In cancer, BAP1 can function both as a Tumor suppressor and as a Metastasis suppressor.
BAP1 mutations were identified in a small number of breast and lung cancer cell lines,[1] but BAP1 was first shown to act as a tumor suppressor in cultured cells, where its deubiquitinase (UCH) domain and Nuclear localization sequences were required for BAP1 to suppress cell growth.[9] In 2010, Exome sequencing identified inactivating mutations in BAP1 in 47% of Uveal melanomas, and BAP1 mutation was strongly associated with metastasis.[10] These mutations included multiple Nonsense mutations and splice site mutations throughout the gene. missense mutations were only found within the UCH and ULD domains, further supporting the requirement for BAP1 catalytic function. This study also identified a Germline mutation in one of the uveal melanoma patients, suggesting that, besides being a Metastasis suppressor, BAP1 could predispose certain people to more aggressive uveal melanoma tumors. Shortly thereafter, BAP1 mutations were identified in aggressive Mesotheliomas with similar mutations as seen in melanomas,[11] and have also been reported in renal cell carcinomas.[12]

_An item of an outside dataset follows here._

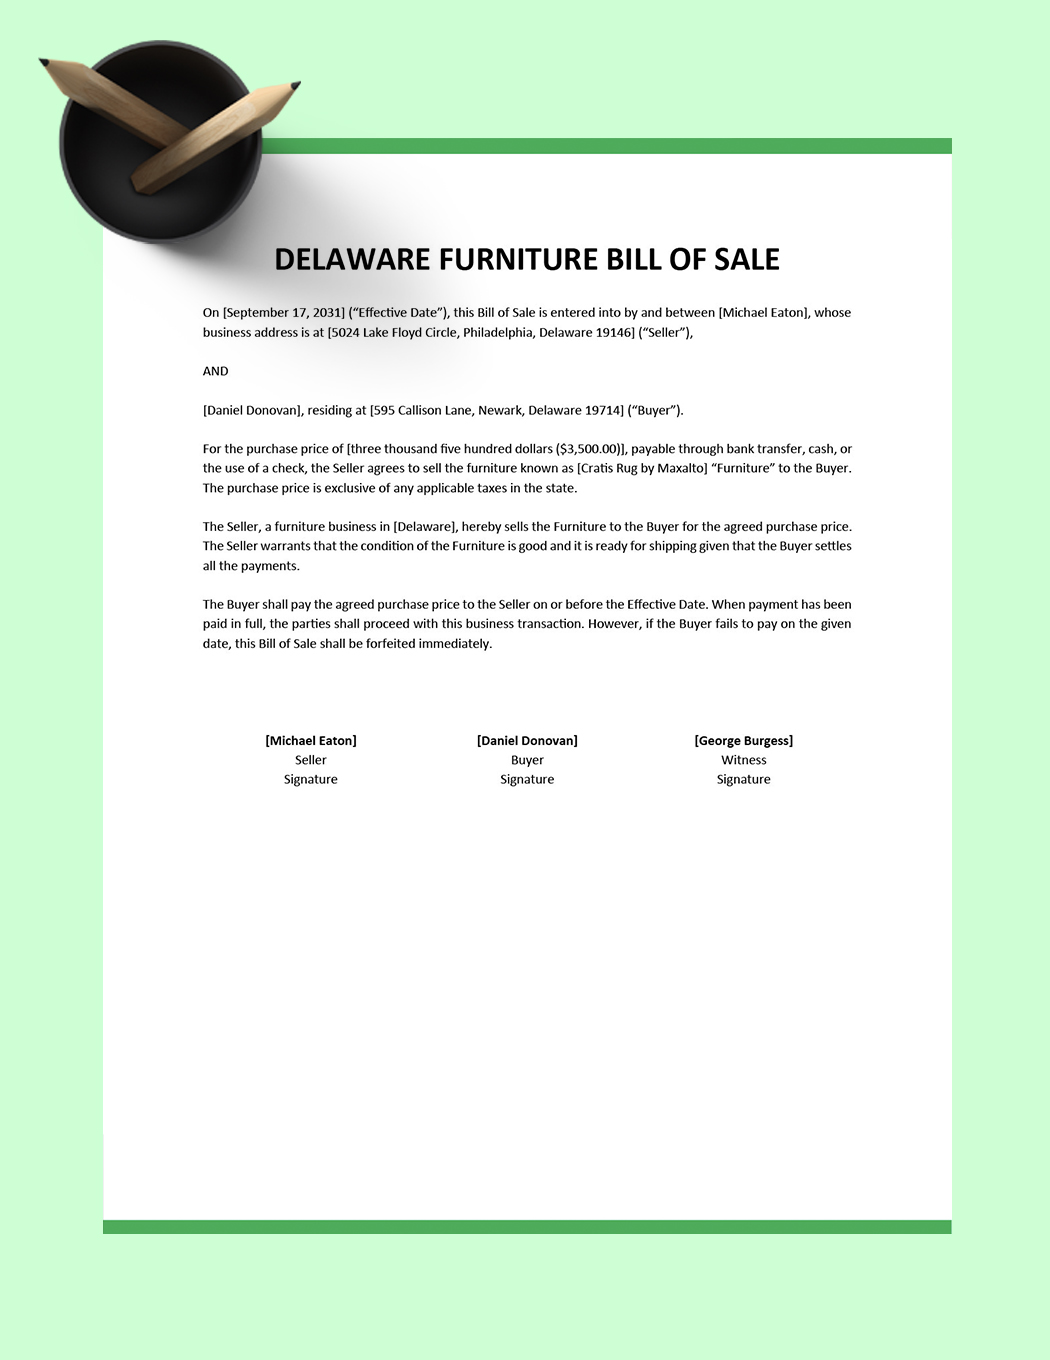 Delaware Furniture Bill Of Sale Template
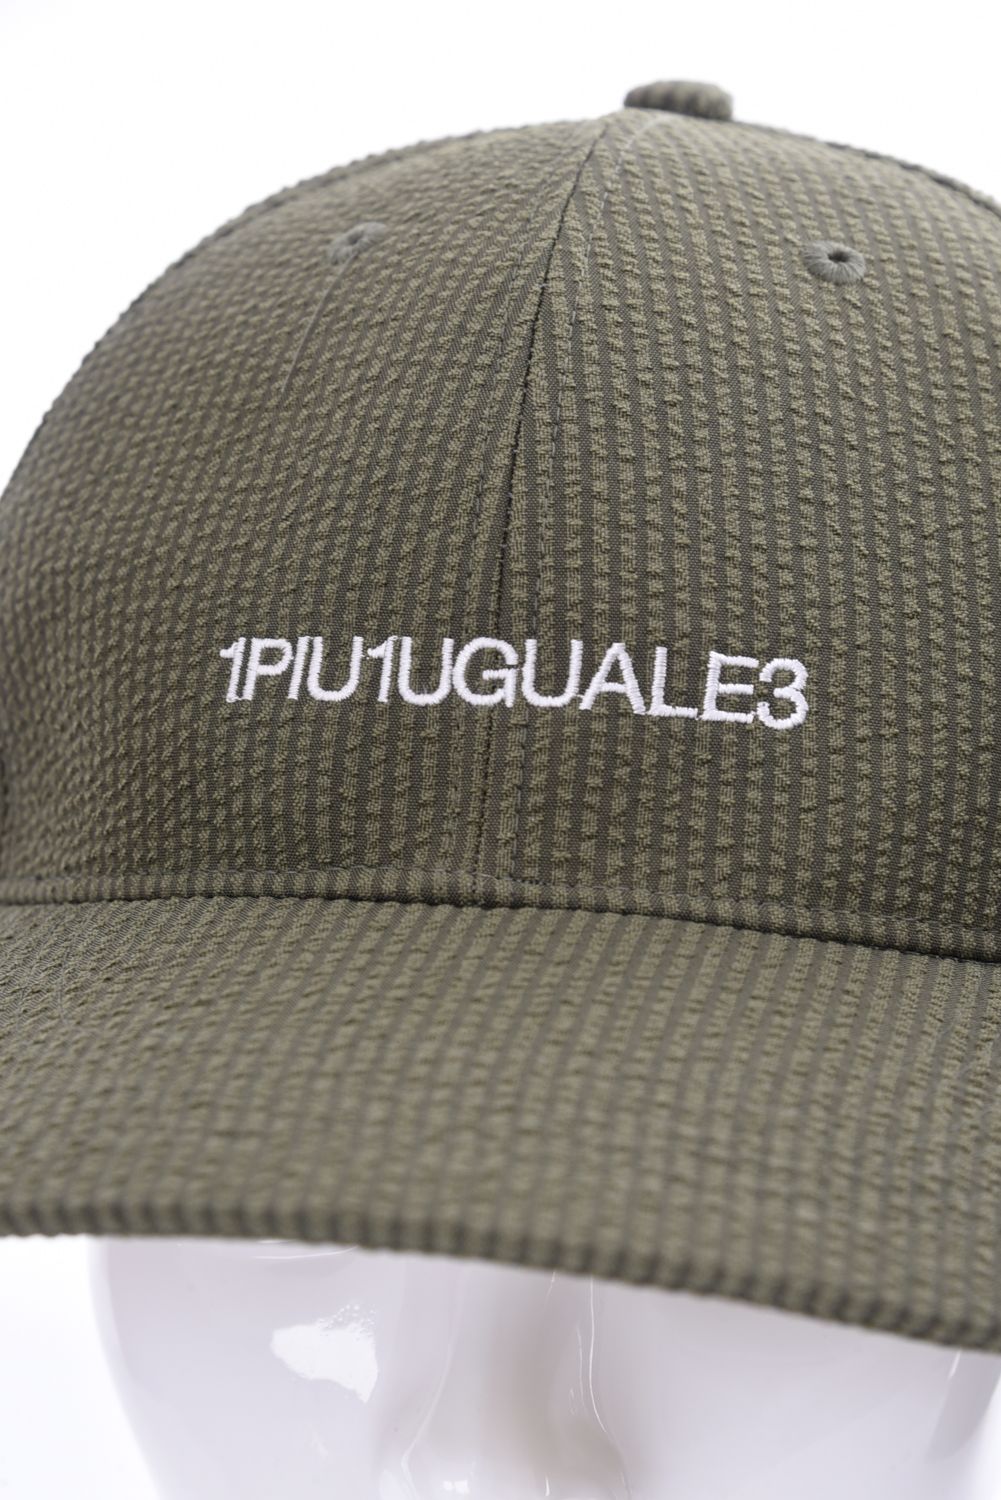 1PIU1UGUALE3 GOLF - SUCKER 6 PANEL CAP / ブランドロゴ刺繍 サッカー

Two studies used Genome sequencing independently to identify Germline mutations in BAP1 in families with Genetic predispositions to mesothelioma[13] and melanocytic skin tumors[14] Further studies have identified germline BAP1 mutations associated with other cancers.[15] These studies suggest that germline mutation of BAP1 results in a Tumor Predisposition Syndrome linking BAP1 to many more cancers. (wikipedia)

In lung cancer, it is associated with no lymph node involvement and therefore of Good prognosis.

BRCA-1 Associated Protein-1 could be associated with BRAF, and 15% of clear cell Renal cancers.